I understand your logic about not leaking theta. It makes sense. However, it seems your plan (scenario A) is to hold HIMU all the way through a crisis cycle and you will collect dividends regardless of what happens to NAV. If that happens you will have an opportunity to profit from your long put. That's great but is that really a "hedge" if you continue to hold the shares? Maybe it is just semantics, but that sounds more like simply shorting the bond market, which anyone could do whether or not they are holding HIMU.
Sure. I see the point. Let me add some context and plan for this trade so I can get some constructure criticism here. I don't intend to hold the put to expiry. There is little theta on this option for the next 16 months, so 50% risk premium I am paying is concentrated in the last 6 months of the put. The thesis here with the hedge is that the US is slowly jogging towards a sovereign debt crisis. Won't happen tomorrow but the long end of the yield curve is going to go up - it will probably be a "spikey" event sometime in the next 16 months that catalyzes an abrupt change in sentiment. (See yesterday for instance or if the next Fed chain continues a plan to cut rates with advancing inflation) The plan is that I'll keep this contract open for next 16 months Scenario A) TLT continues to slide or a negative news catalyst occurs , this put will swing deeper ITM on that event. The gain in the option will offset any losses in HIMU at that point. If that happens, the USG will be forced to implement measures to satisfy the bond market (Fiscal austerity, VAT implementation, etc), at that point TLT will begin to rebound. I'll close this put for a profit, HIMU will retrace (hopefully) to closer to my purchase price and I have protected my principal while still netting the tax free dividend from the muni. Scenario B) TLT does nothing over the next 16 months, HIMU stays close to the price I paid and I sell the put back for a loss on or around May 2027. The expected price of the contract on that date assuming no change in TLY from today is $600. So I paid about $200 in insurance costs on $20k worth of capital. (1%). Yeah that eats into my return, but I am still netting \~4%. Finally the small loss on this option offsets any gains I have elsewhere in my taxable income generating portion of my portfolio. So even this insurance offers value to me elsewhere. So open to feedback on this and if I am thinking about it the right way.
I have $20k in HIMU, a junk muni ETF. It yields about 5% and income is free from federal tax.so $1000 / yr free and clear of any USG taxes.
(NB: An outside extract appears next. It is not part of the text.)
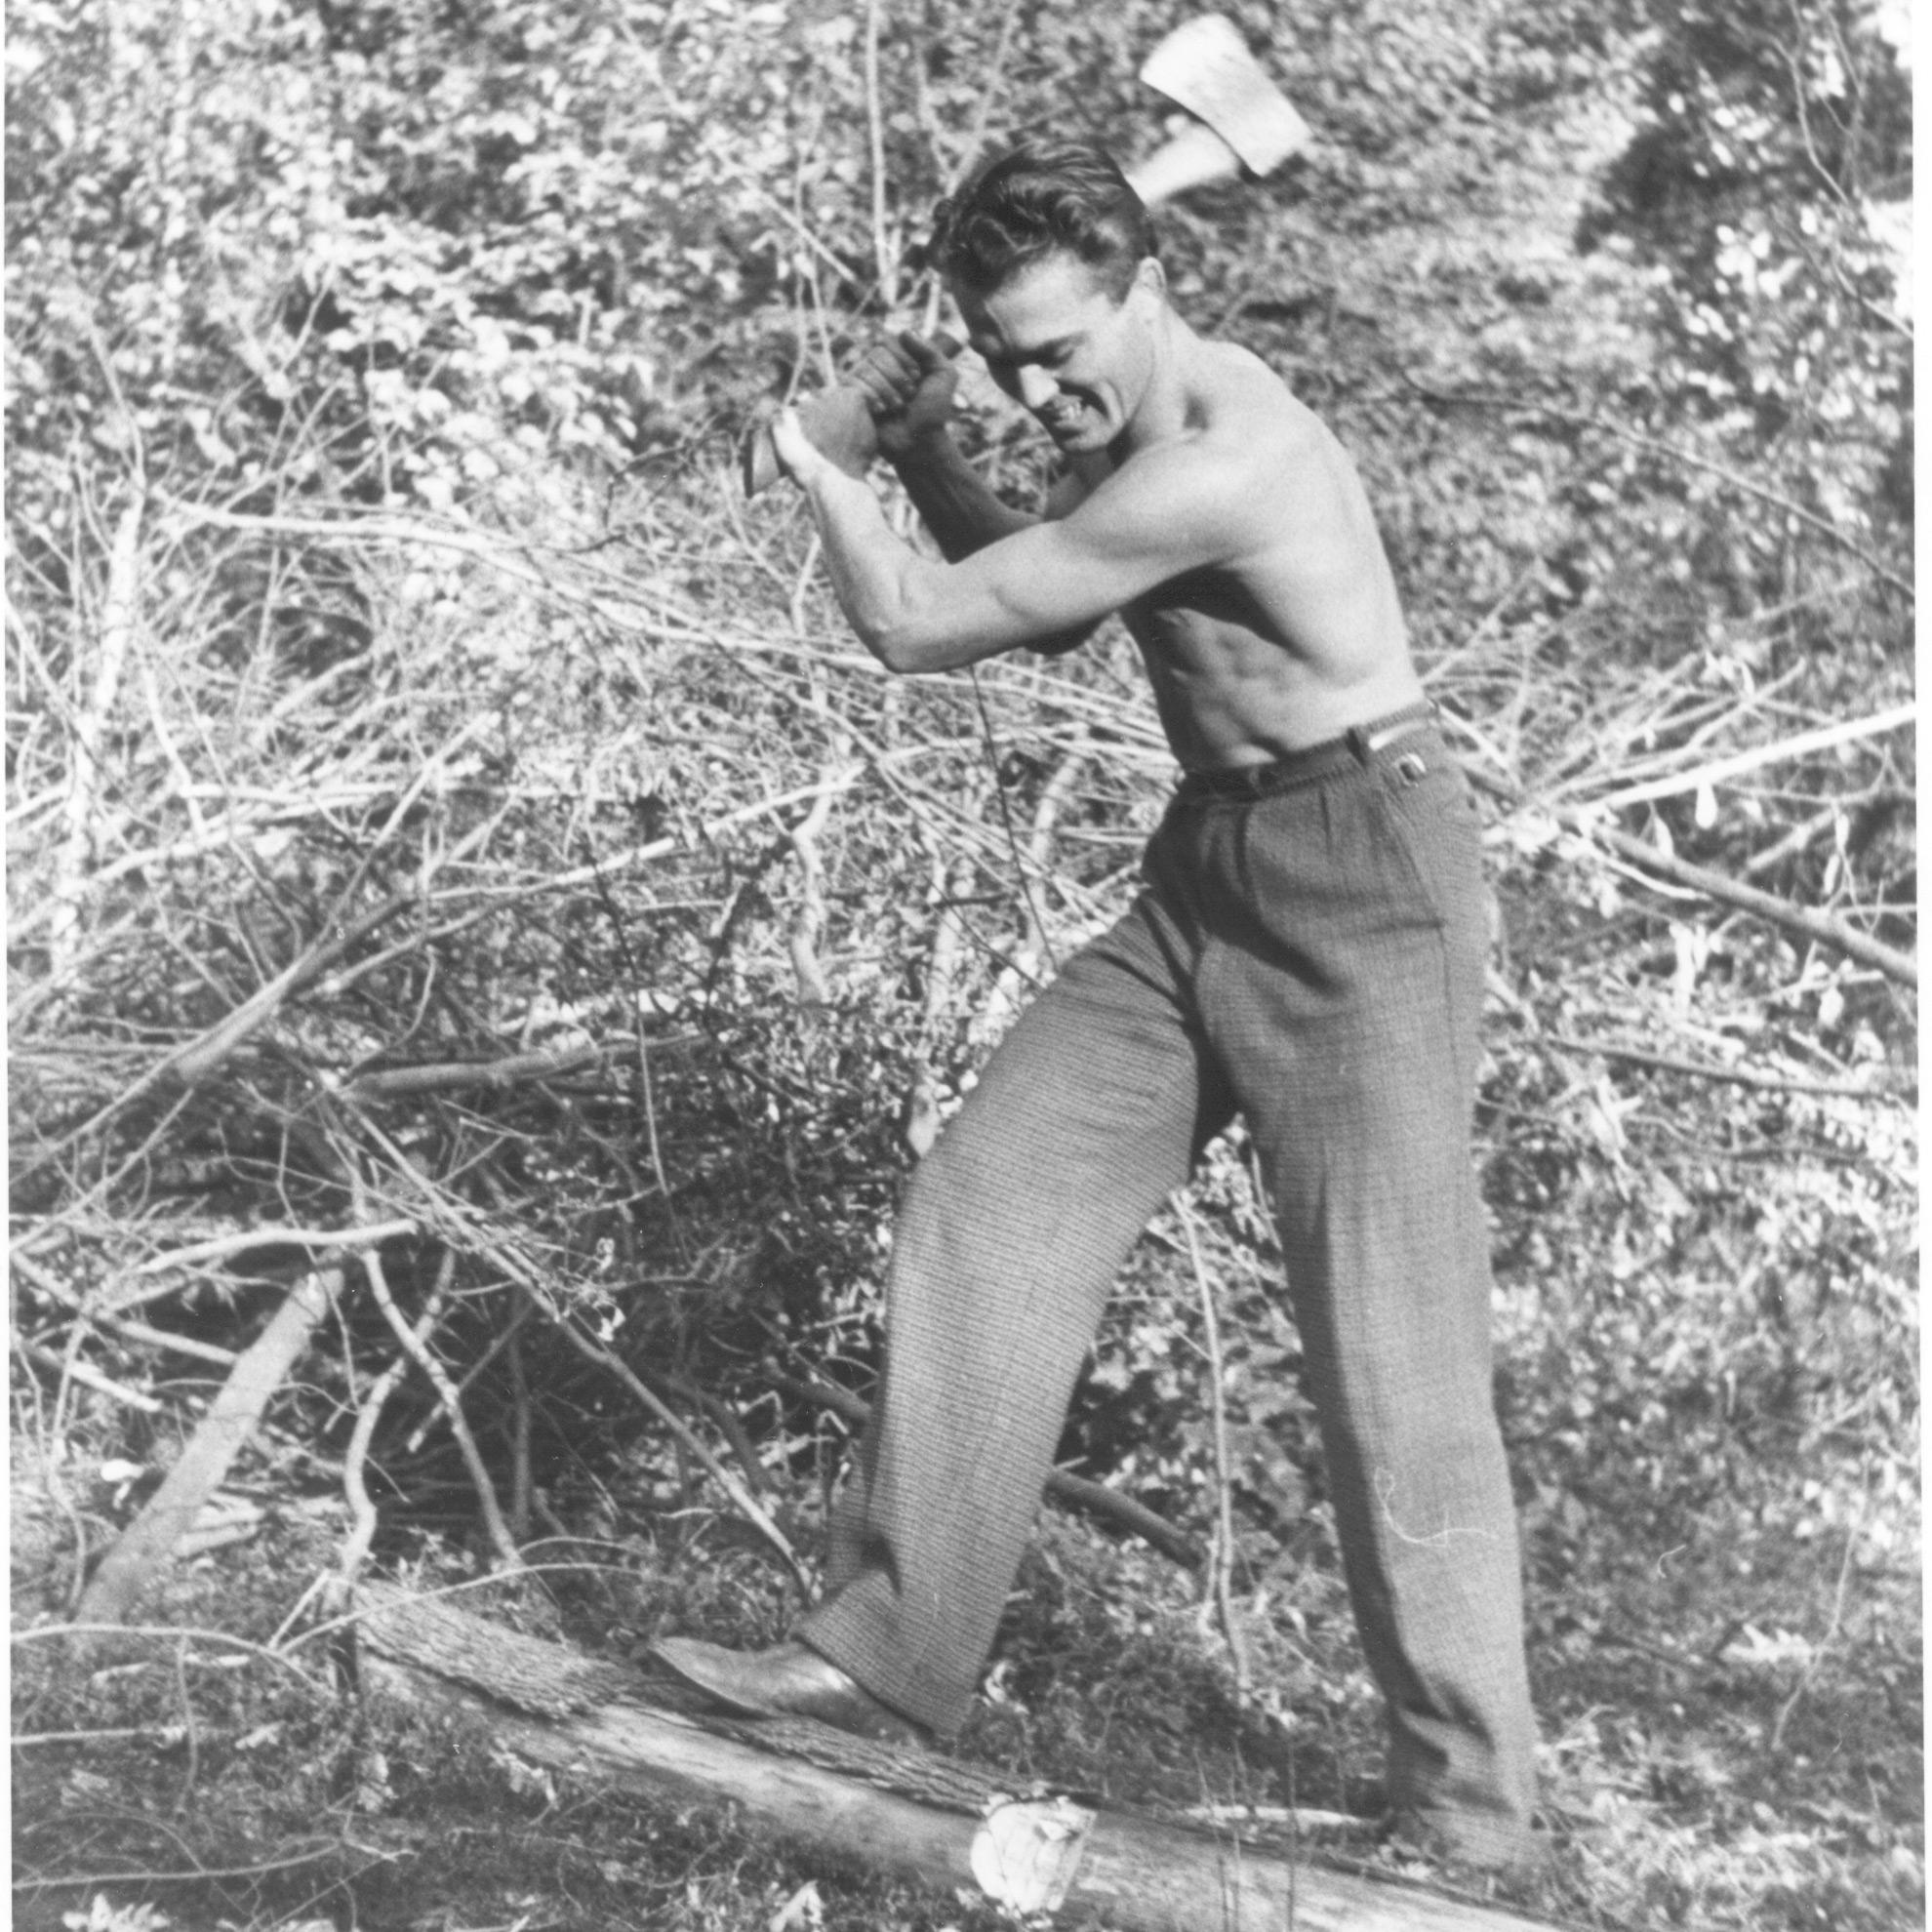 Horace Jones chopping wood

The biggest single risk with that position is interest rate sensitivity. When yield climbs the value of the bonds will fall and ETF price will follow. because of the very real risk that the long end of the yield curve here in the US is going to explode in next 2 years I purchased ATM TLT put for $800 (LEAP) expiring in Jan 2028. TLT price is tightly correlated with HIMU. This I am paying about $400 a year in options premiums as insurance on my $20k principle. A couple things: I am surrendering half the yield in name of insurance. Yes. But I'm largely hedged and delta neutral as HIMU price changes.
I have a portion of capital at work in an income generation account. I will occasionally write calls or open CSPs on these HIMU - 30% allocation (Muni fund - no options chain) SNSXX - 30% allocation (I use this money market fund as collateral for CSPs) F - 10% allocation ARCC - 10% allocation SVOL 5% allocation (I actively hedge this position to protect against NAV erosion) SCHD 10% allocation - modest capital appreciation IBIT 5% yes I know. :) Vol.premium usually attractive.